Your assignment –
Would you retype exactly the lines below, starting with the one that has "WS06 - 6' Green Nylon Web Strap - LH Dottie" and going on through the one that has "Un des panneaux", with no pictures and nothing else?

Data shown –
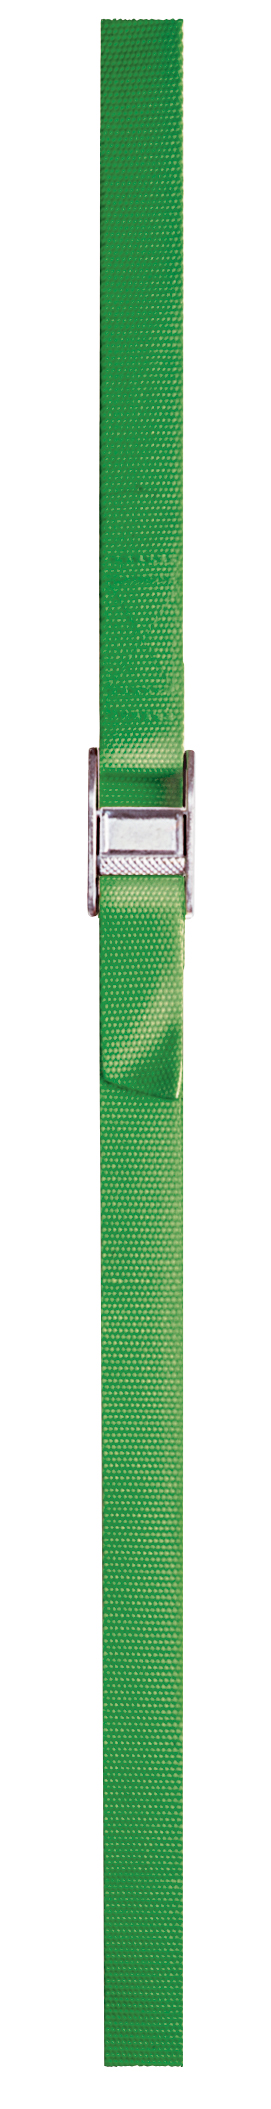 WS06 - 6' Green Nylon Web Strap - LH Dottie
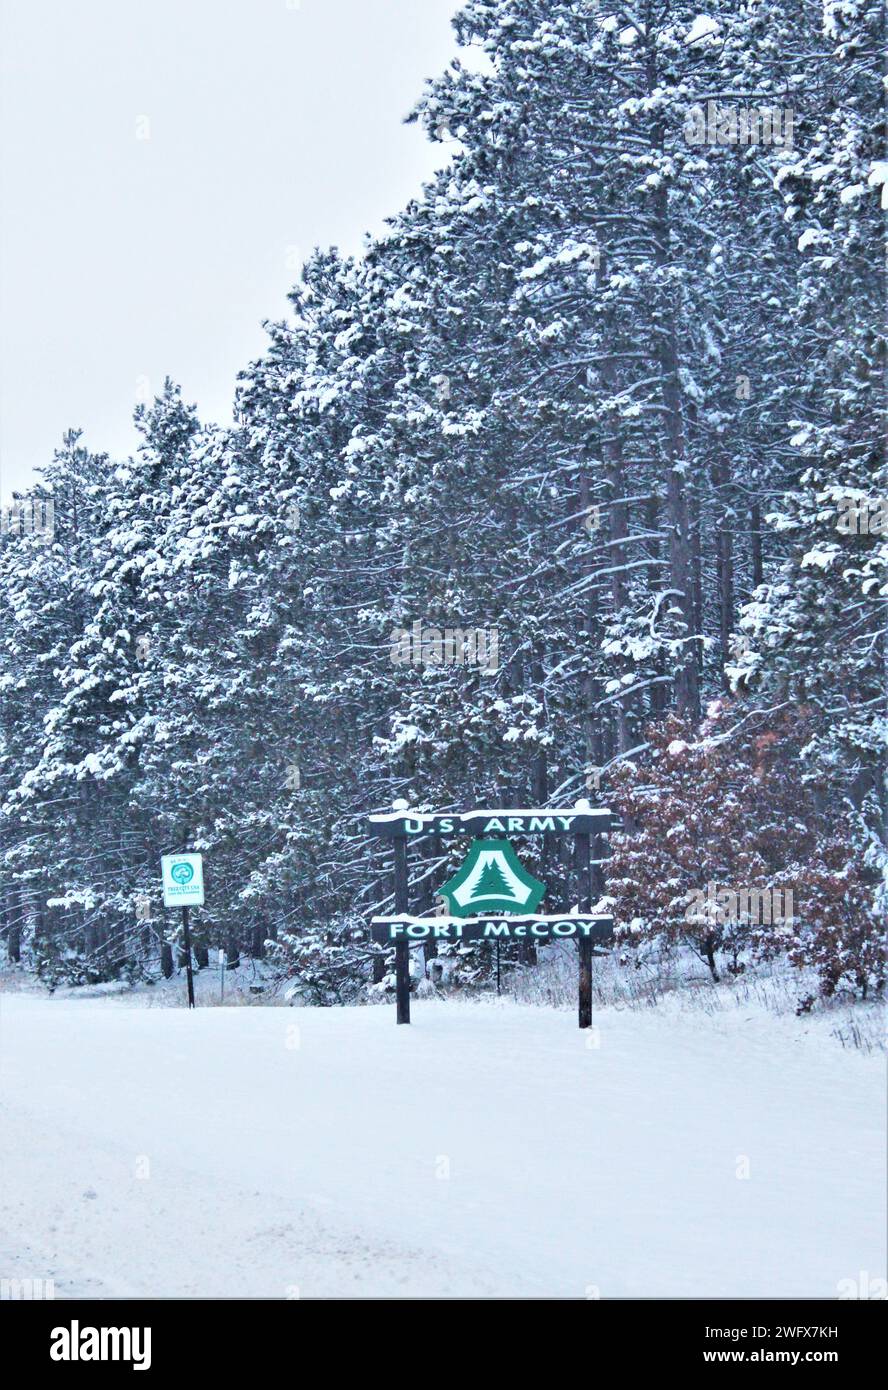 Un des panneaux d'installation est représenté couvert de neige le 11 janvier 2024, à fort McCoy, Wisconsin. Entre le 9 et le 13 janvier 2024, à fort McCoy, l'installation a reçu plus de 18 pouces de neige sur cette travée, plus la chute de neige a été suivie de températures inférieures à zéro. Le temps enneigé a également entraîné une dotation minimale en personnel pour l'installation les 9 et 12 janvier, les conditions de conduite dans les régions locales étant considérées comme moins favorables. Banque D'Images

...

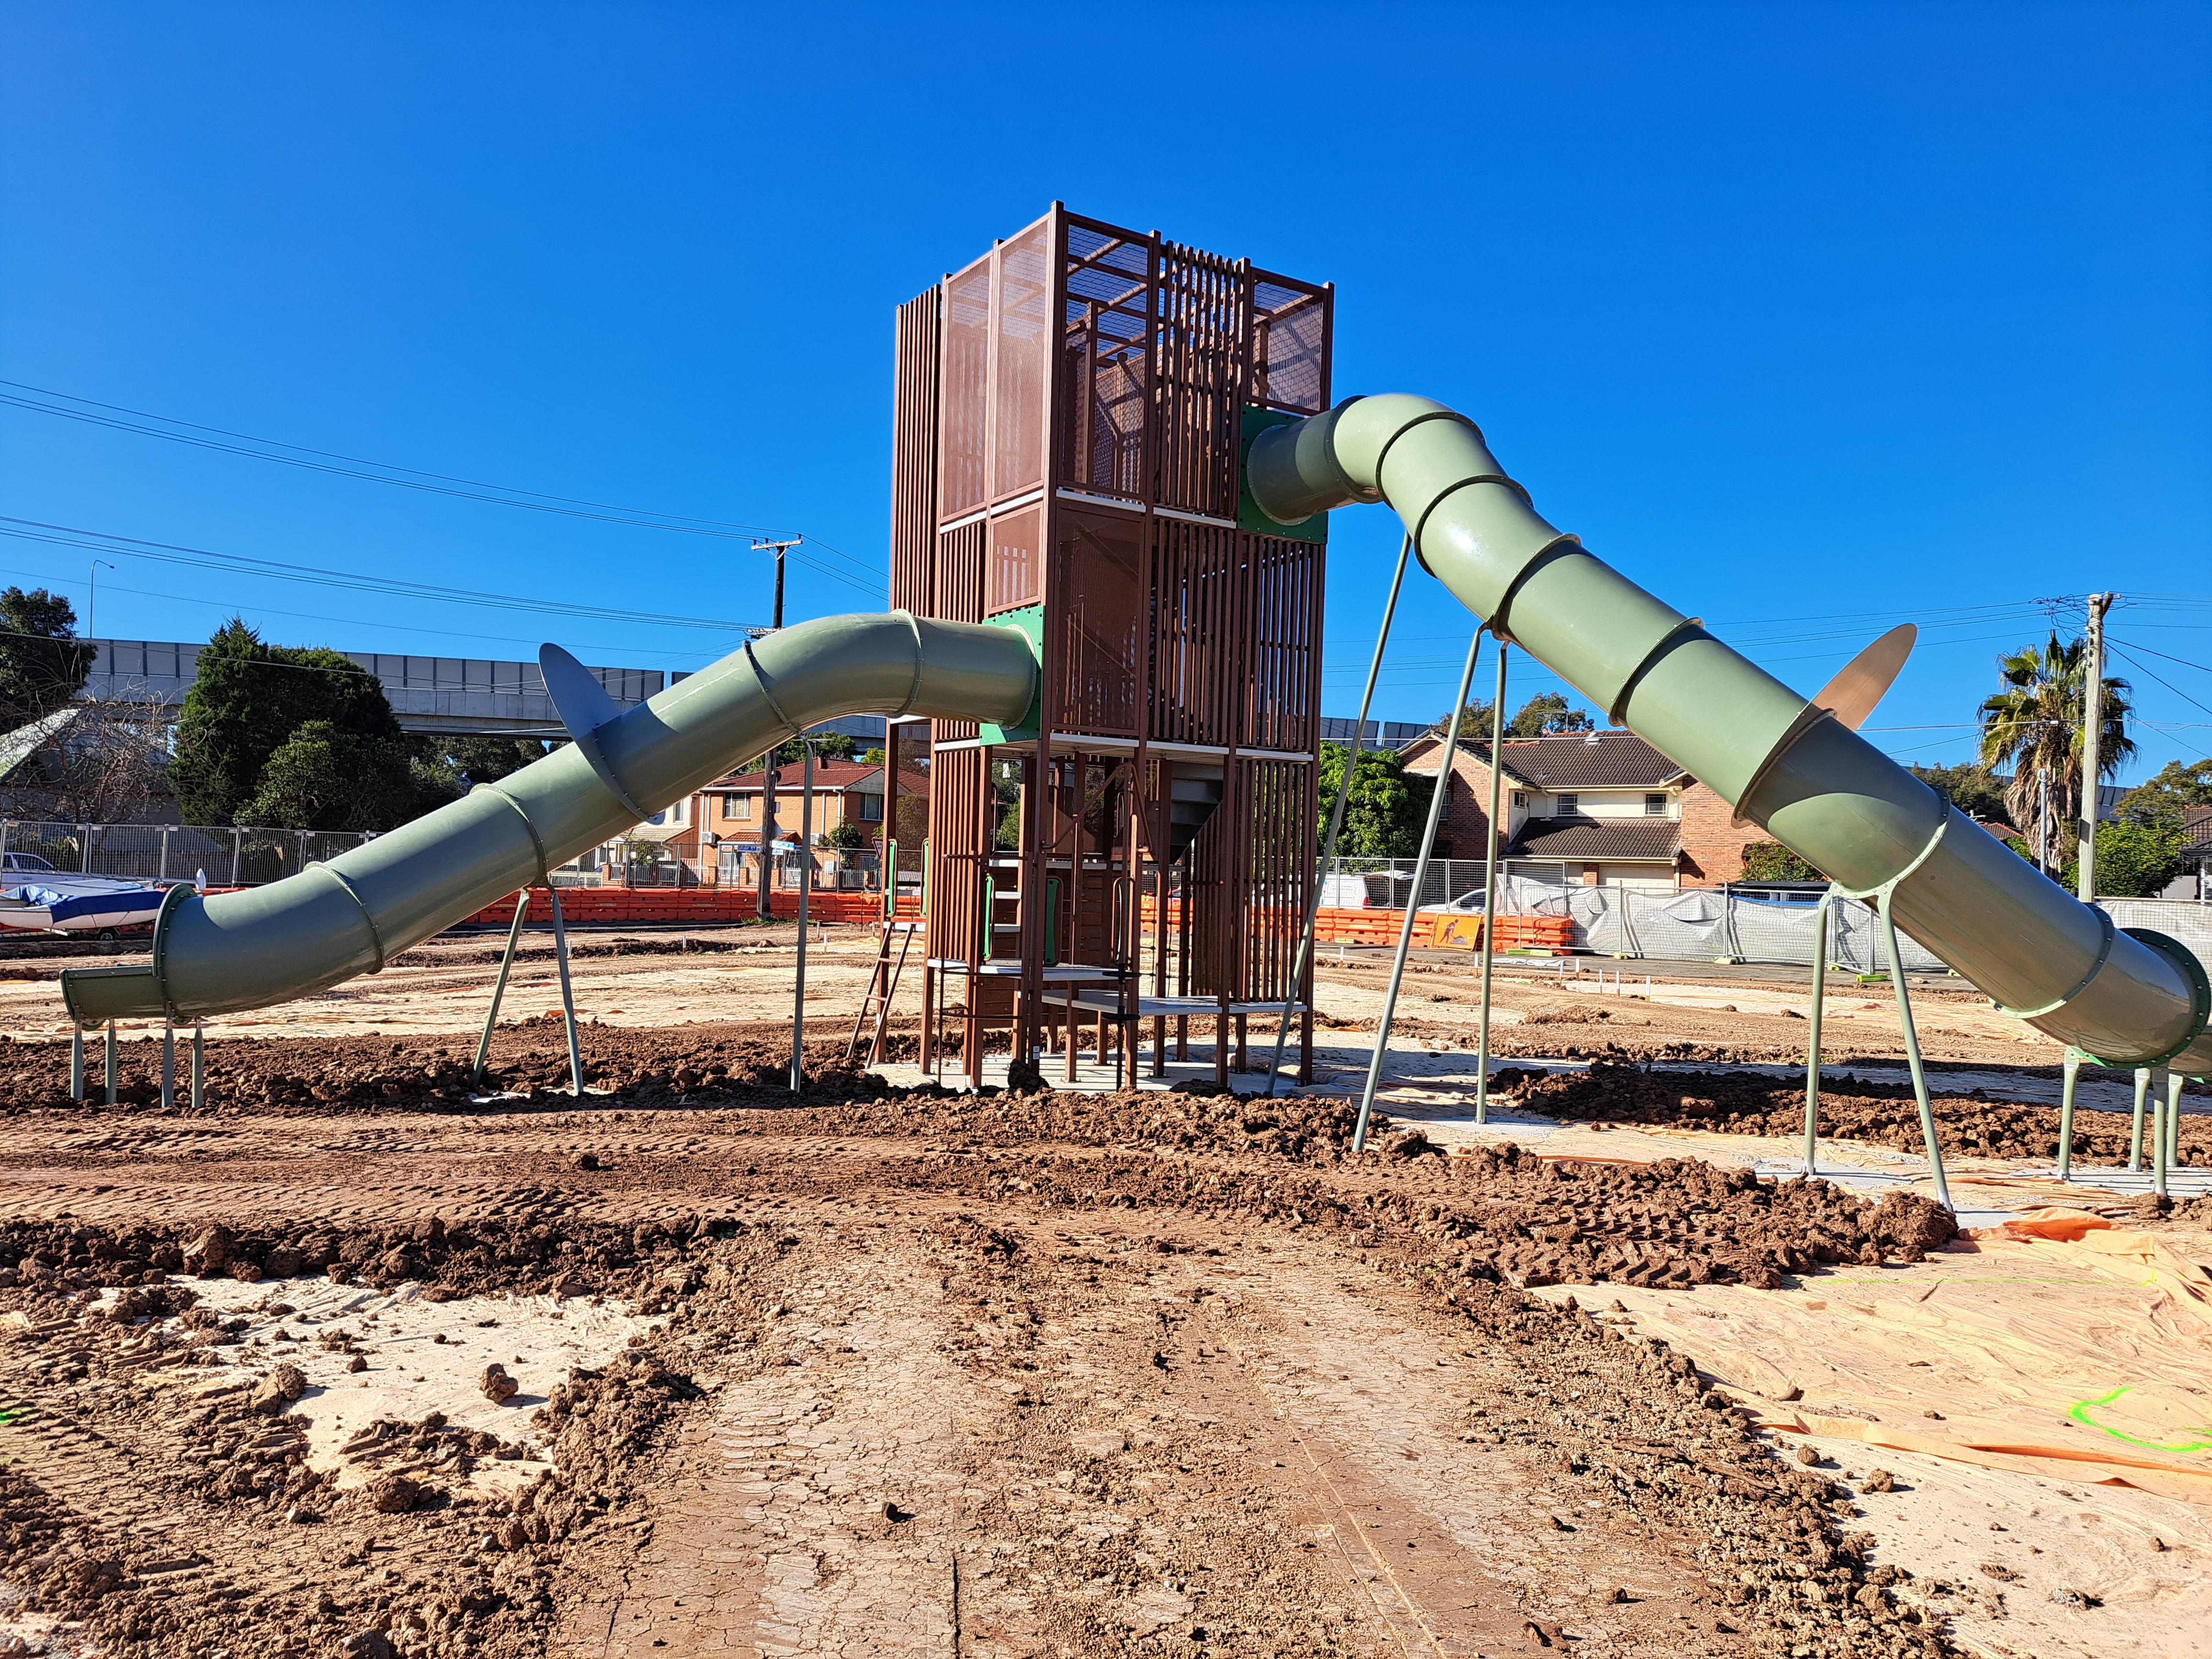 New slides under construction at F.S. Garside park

Answer –
 WS06 - 6' Green Nylon Web Strap - LH Dottie
 Un des panneaux d'installation est représenté couvert de neige le 11 janvier 2024, à fort McCoy, Wisconsin. Entre le 9 et le 13 janvier 2024, à fort McCoy, l'installation a reçu plus de 18 pouces de neige sur cette travée, plus la chute de neige a été suivie de températures inférieures à zéro. Le temps enneigé a également entraîné une dotation minimale en personnel pour l'installation les 9 et 12 janvier, les conditions de conduite dans les régions locales étant considérées comme moins favorables. Banque D'Images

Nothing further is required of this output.